Roy est revenu. Roy est ma conscience américaine. Un conscience américaine consiste à l’optimisme permanent. Croire en l’avenir. Savourer les technologies. Savoir que tout s’arrangera. Un autre ami - un vrai, je veux dire qu’il existe - a fait revenir Roy dans mes pensées. Celui qui existe en vrai vit la belle vie. Un vrai métier, de vrais revenus, le goût du vin et des amis, enfin, beaucoup d’amis à mon goût, ce qui dilue un peu le goût du vin mais bon. Le goût du vin, c’est déjà ça.

Roy est revenu quand mon ami s’est mis à parler de son nouveau-né. Une petite chose charmante. Celle-ci ne connaîtra jamais les Compact-discs™, et encore moins les 33 tours. Et pas non plus les livres, ni la presse. C’est tellement bien les tablettes™. Et puis : on n’y peut rien. Le papa est ravi du chambardement. Le progrès technologique nous inonde aussi sûr qu’un torrent de boue dans les Alpes. Pas la peine de nettoyer après, il emporte aussi les vieux meubles et les remplace par du pré-mâché suédois. Mon ami nous propose aussi de racheter sa belle maison en centre-ville un jour.

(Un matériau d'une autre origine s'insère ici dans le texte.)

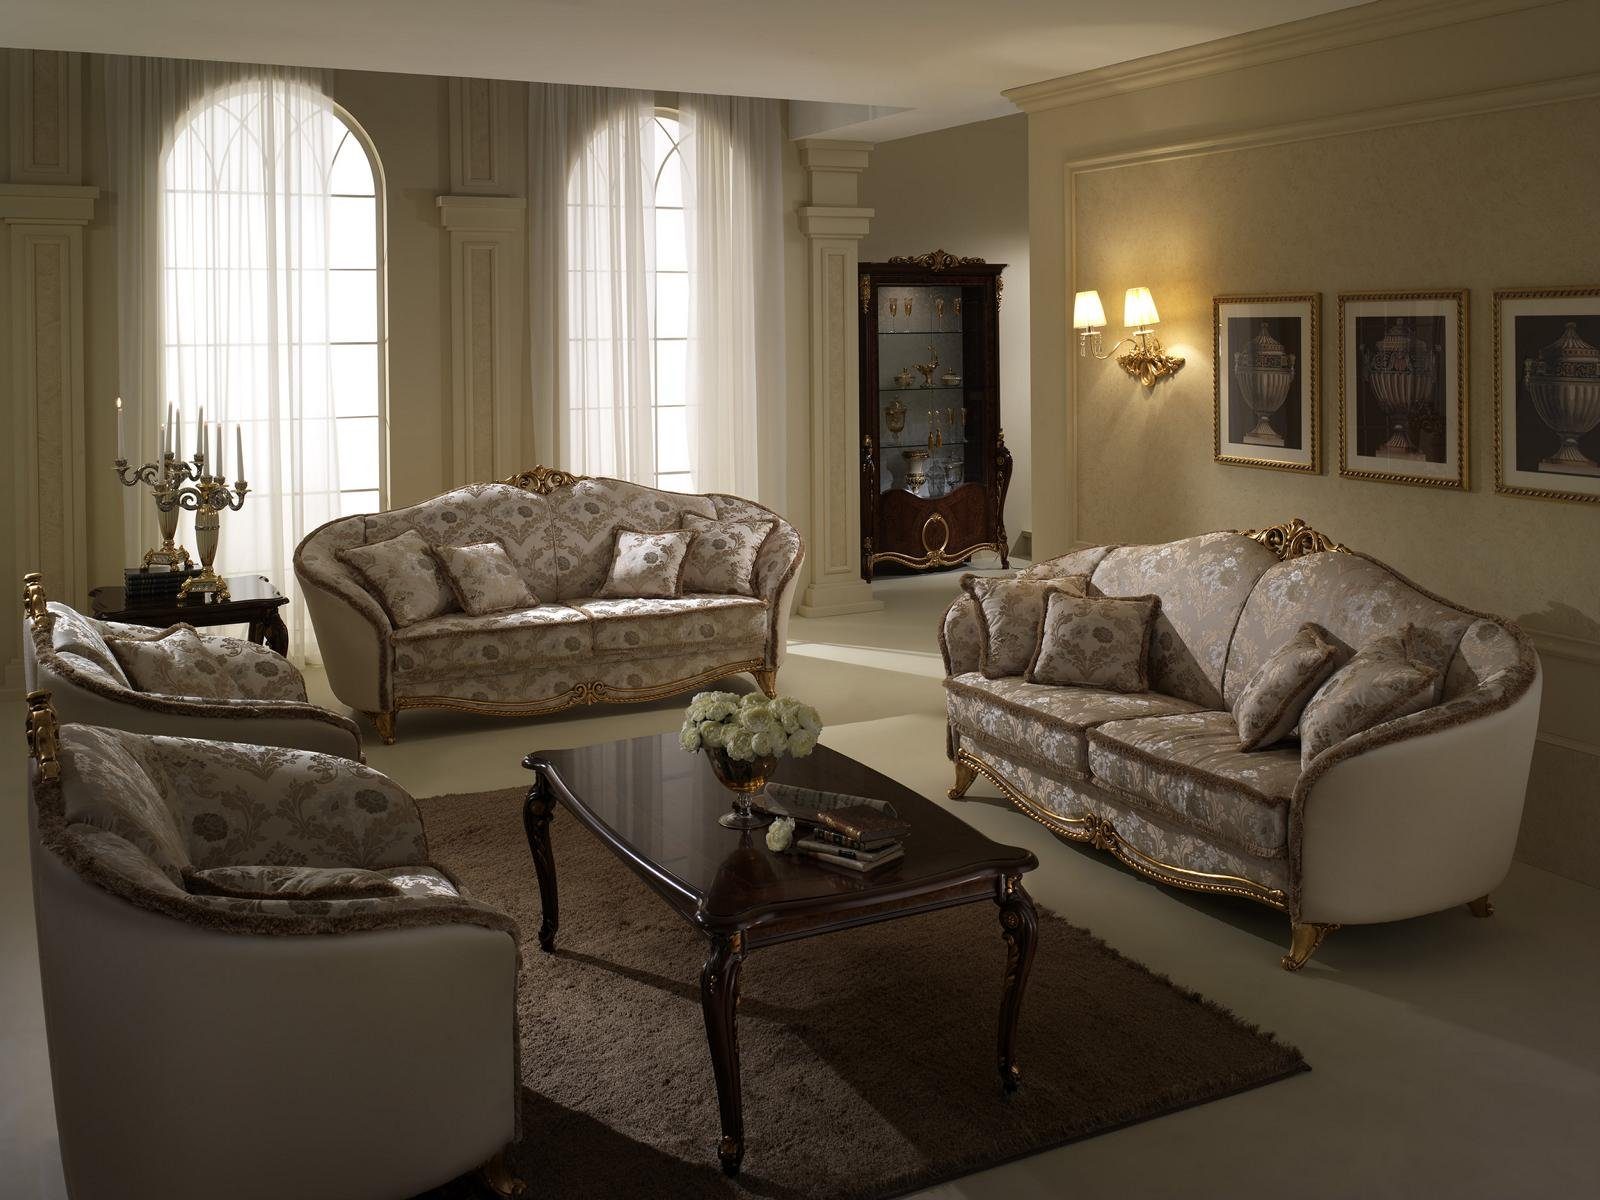 Wohnzimmer-Set, JVmoebel Neu Luxus Klasse Couch Italienische 3+2+1 Sofagarnitur Sofa arredoclassic™ Möbel

Il est pour le changement : il donne l’impression d’exister en plus grand.

Les gens sont comme ça. Cote Est, côte Ouest ? L’important : l’ivresse.

Roy est revenu pour me dire d’arrêter de ne pas me prendre au sérieux.

- "Prends-toi au sérieux deux secondes, quand même ! Tu crois sortir de l’adolescence mais t’as bientôt quarante-neuf ans en lettres, tu vois moins bien qu’avant et tu ne nous intéresses pas avec la mort de ta bite. Ce genre de chronique, dans notre époque post-Bigard™, ça n’intéresse pas les gens. Essaye plutôt de faire un livre avec tes meilleurs textes, ceux qui sont passés sur Rezo.net en été (enfin bon, juste en juillet), quand ils n’ont plus rien à se mettre sous la dent parce que leurs copains chroniqueurs d’extrême-gauche sont en congés payés sur la Costa-Brava™ ! Profites-en pour passer un maximum de trucs de ta tête dérangée ! Mais oublie la disparition brutale de ta libido. A l’heure de la fin du féminisme, on n’a pas besoin de t’avoir en oncle de famille de fin de banquet. Je te rappelle que tu n’as rien dit sur le conflit millénaire (on n’en est qu’à soixante-dix ans) en Palestine, et rien sur l’Ukraine non plus. Pas plus sur le virus Ebola™, et aujourd’hui, Hiroshima™. Tu ne dis rien sur l’actualité, c’est pourtant ce que veulent les gens. Les Russes ont tes mots de passe, ils peuvent écrire ici-même à ta place. Et une banque française™ peut rendre six milliards aux Américains : tu es petit, tu n’es rien ! Il faut donc se dépêcher, essaye de nous en faire rire ! "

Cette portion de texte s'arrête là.